Your hands sweat. You check your email inbox.
Nothing.
You check your answer phone.
No new messages.
You check the area near your letter box (although you already checked it this morning).
Still nothing.
You might as well just check your email once more.
Nope.
Perhaps it went in the spam folder. (No.)
You tamper with the idea of sending a message, “Sorry to send this message, but just wanted to check if you received the submission of my new memoir “Travels with my Hamster…” .
You agonise about whether to send it…
You do, of course.
A few minutes go by. Nothing. Perhaps this message didn’t get through either. I mean HOW LONG does it take to read and respond to an email?

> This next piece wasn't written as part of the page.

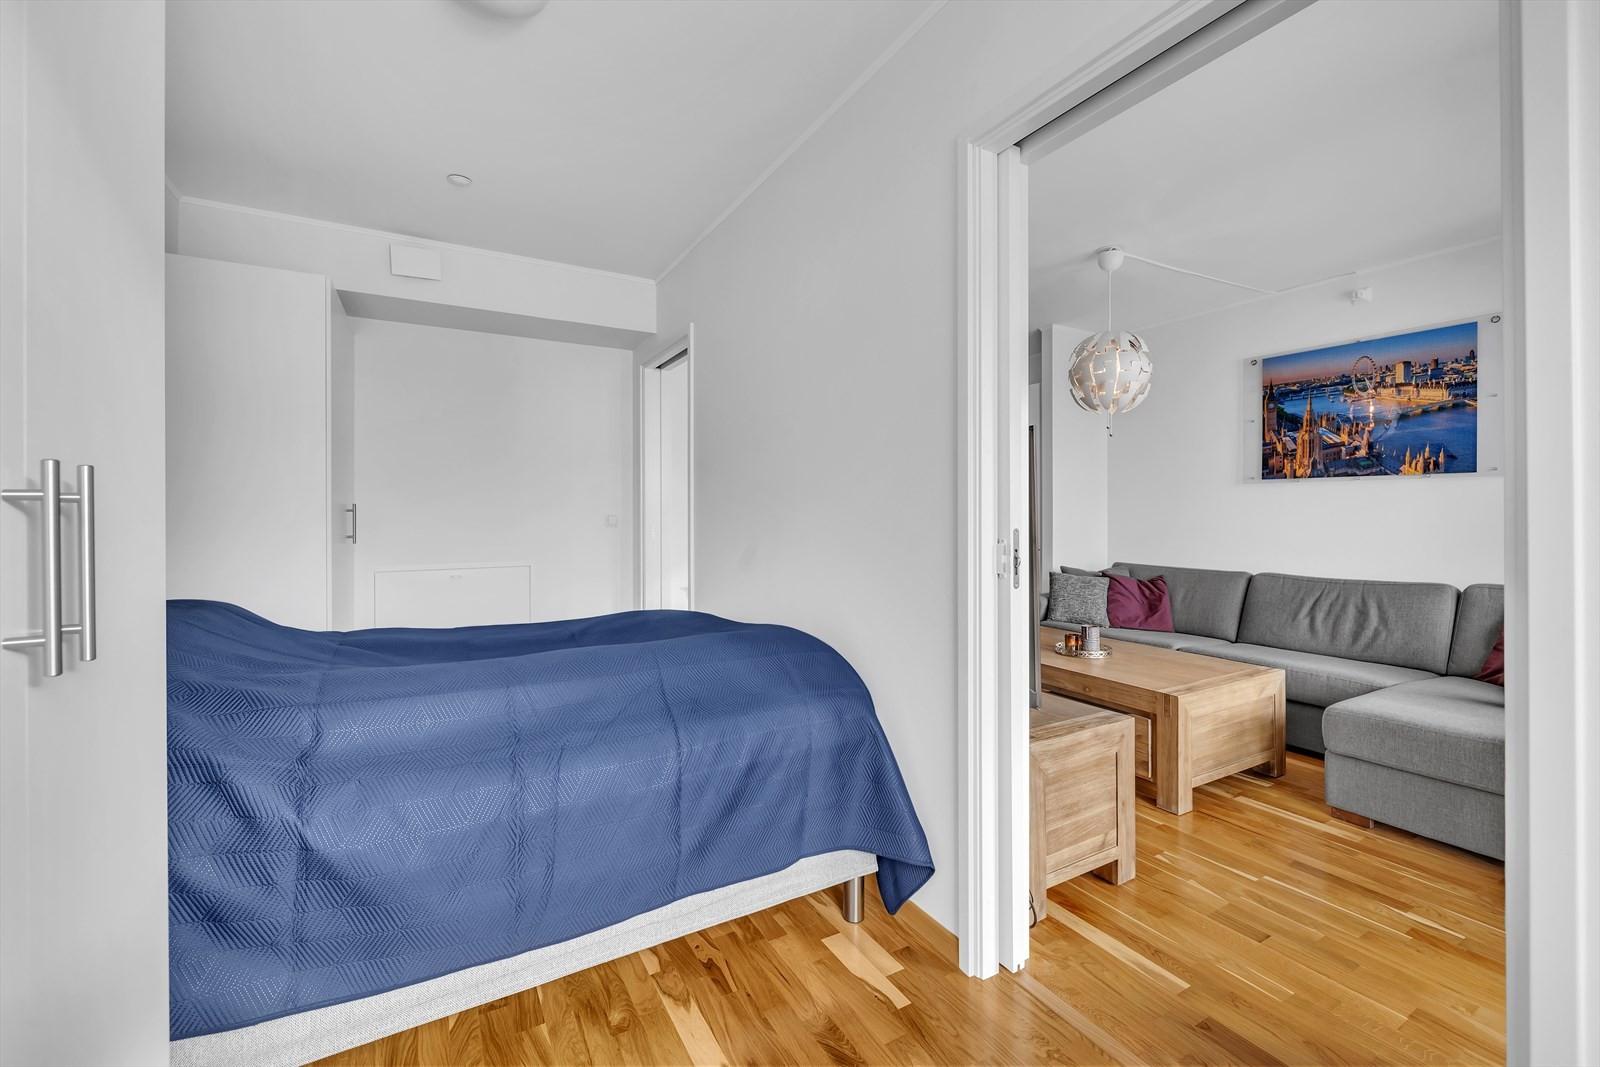 Skyvedører mellom stuen og soverommet
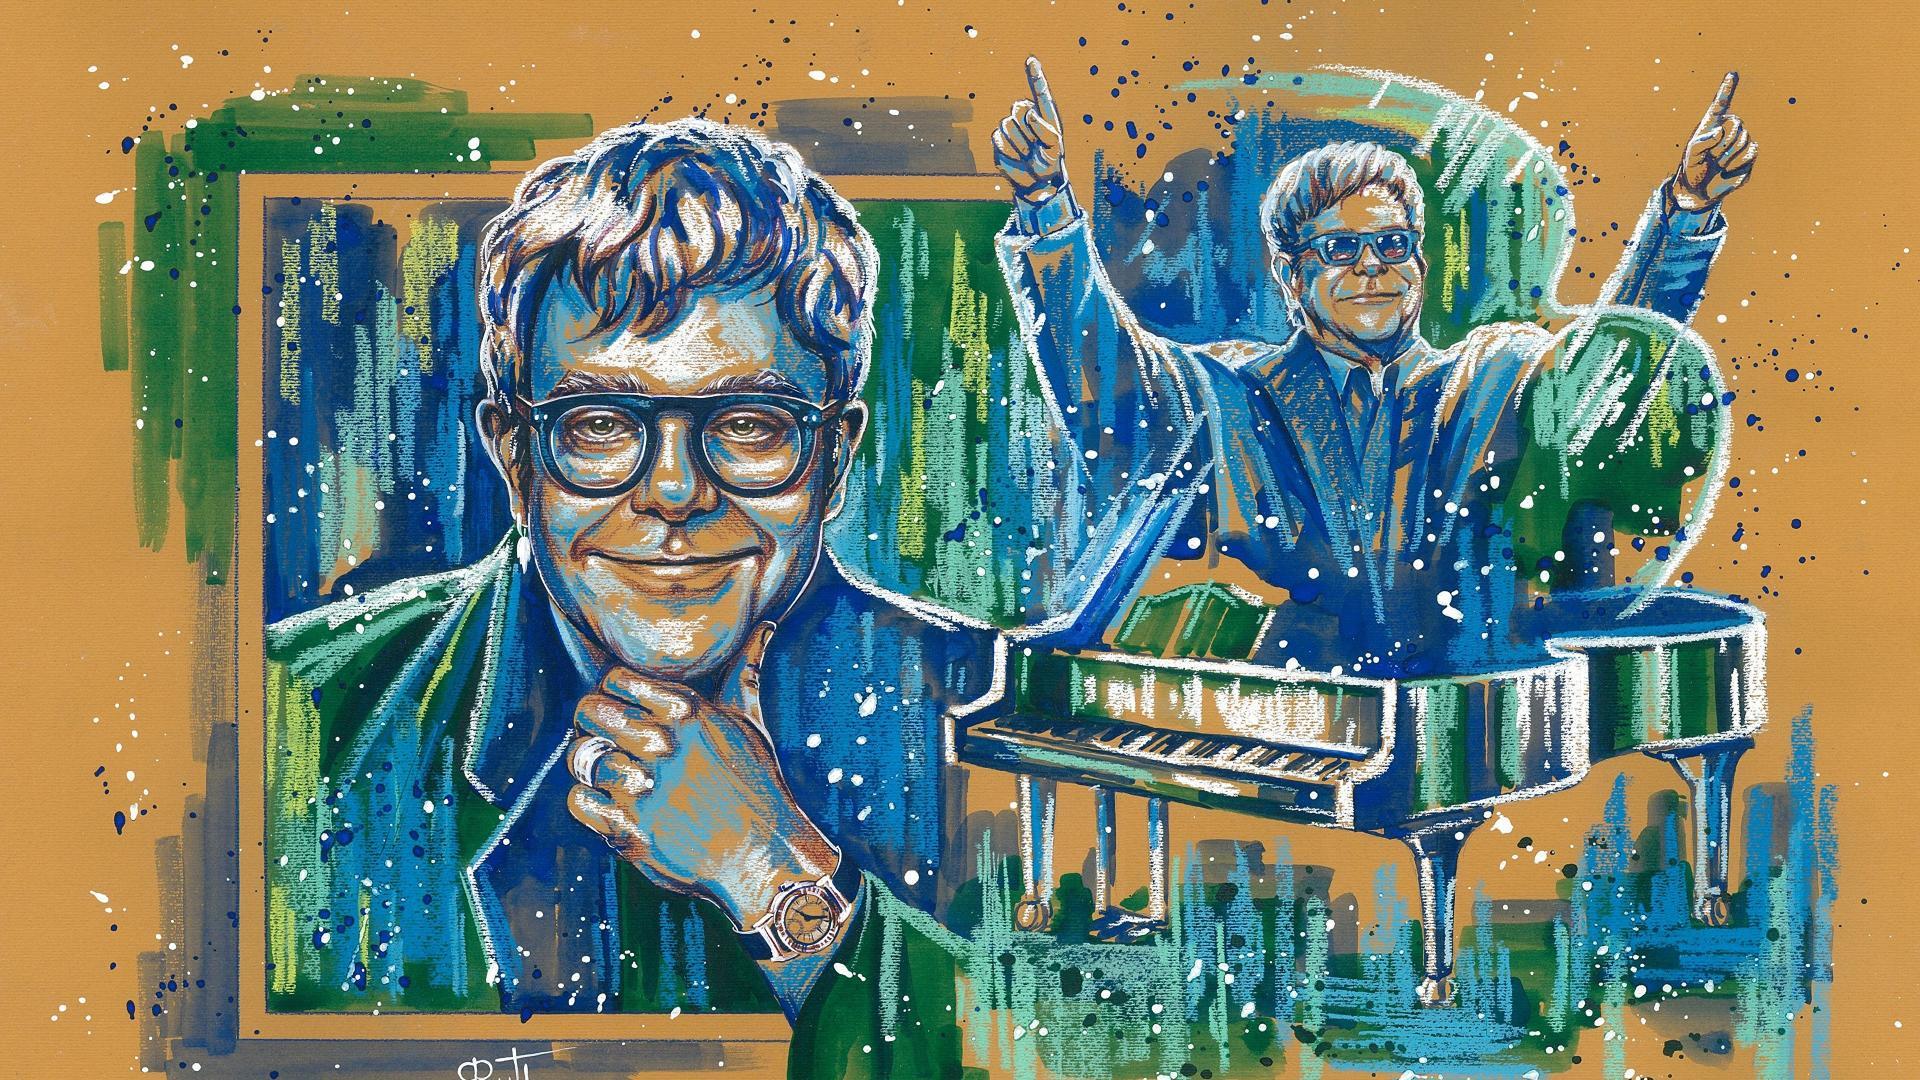 Elton John Wallpaper 14   3840 X 2400 stmednet 1920x1080

Stuff it! You don’t need them anyway. Who needs to be published? You’ll sit it out and go for accolades and glory after death, thank you very much. Yes. That’s it!
(You send another email).
Those of you Strictly readers who are unpublished or “aspiring” writers will recognise this as the torture known as the Submission Process.
It is impossible not to feel too forward and yet simultaneously pathetic and needy, slimy and disgusting – the worst sort of life-form to crawl out from under a stone – when you’re submitting your book to agents or publishers.
Your world reduces down to the size of an email inbox (empty). You become incredibly boring. People start moving away from you at parties.